Our success at the European Court is an example of our firm intent. The health warnings on our cigarette packets are 50 per cent. bigger than in any other country and we have chosen to use the most direct messages on those packages. We shall continue to strengthen the campaign because we intend to meet the target by the end of the century. In particular, as my hon. Friend rightly suggests, we need to renew the campaign against young people smoking.
The nutrition task force produced its new programme this morning. I hope that all hon.

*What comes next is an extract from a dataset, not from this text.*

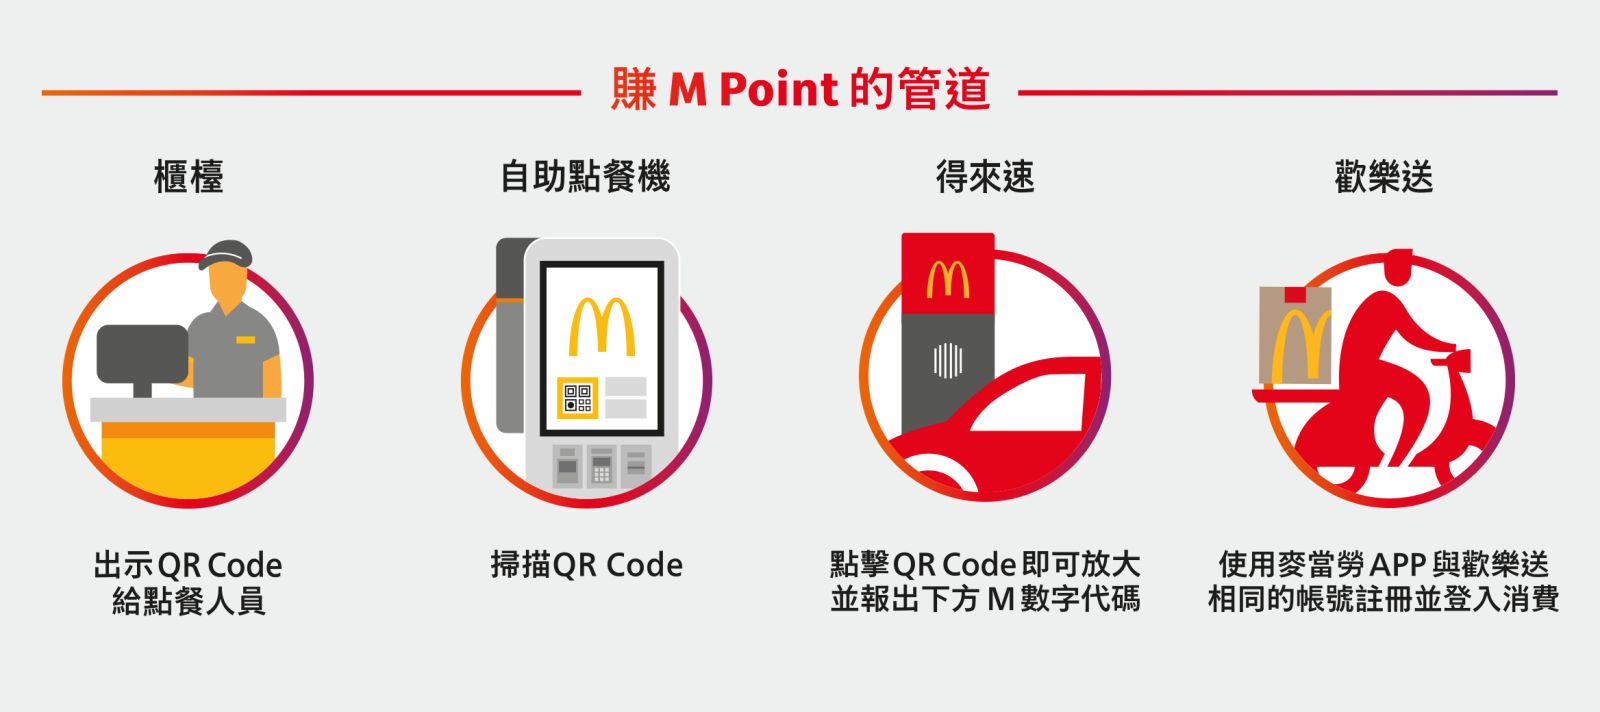 麥當勞全球APP3：賺M Point的管道

Members will study the programme carefully and let us have any further advice that can change the dietary habits of us all.

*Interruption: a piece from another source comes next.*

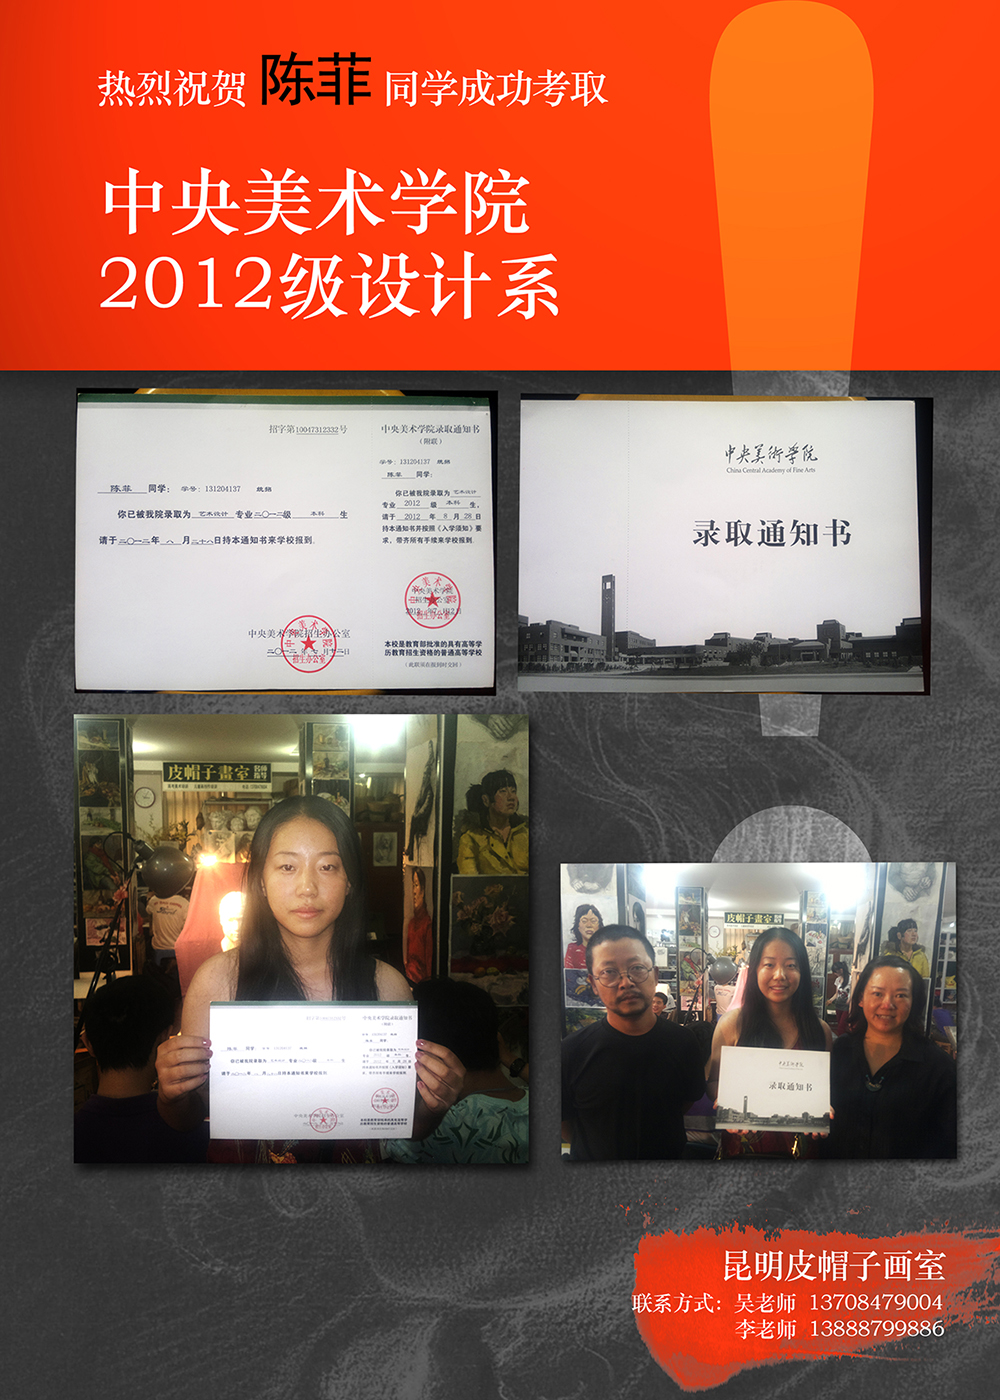 祝贺陈菲同学成功考取中央美术学院2012级设计系

8. Ms Glenda Jackson : To ask the Secretary of State for Health if she will make a statement on the future of the Royal Free hospital in the pattern of London's health care following the Tomlinson review.
Ms Jackson : Does that mean that the recommendations of the London implementation group specialty reviews will not be implemented? Under those recommendations, the Royal Free would lose cancer treatment, neurosurgery, paediatrics and a world-renowned renal transplant unit. Are not the review boards, brought into being by the Department of Health, yet another smokescreen put up by the Government in an attempt to conceal the basic fault in their policy, which is that a market economy cannot provide the health service that the country demands and should receive?
Dr. Mawhinney : Of course they are not. As the hon. Lady knows, the specialty review reports represent independent advice to Ministers and they will not determine--by themselves, certainly--the future pattern of services. The recommendations as they affect the Royal Free will no doubt be a subject for discussion with the region, with local hospitals and with the implementation group, to ensure that all points are properly satisfied. That is what my right hon. Friend the Secretary of State told the hon. Lady on 23 June and I confirm it.
Mr. Tracey : Does my hon. Friend agree that we can all go on about our own local hospitals and that I could make a strong case for more resources for Kingston hospital, but that our policy is about universal health care across the whole of London and our first priority must be primary care across London?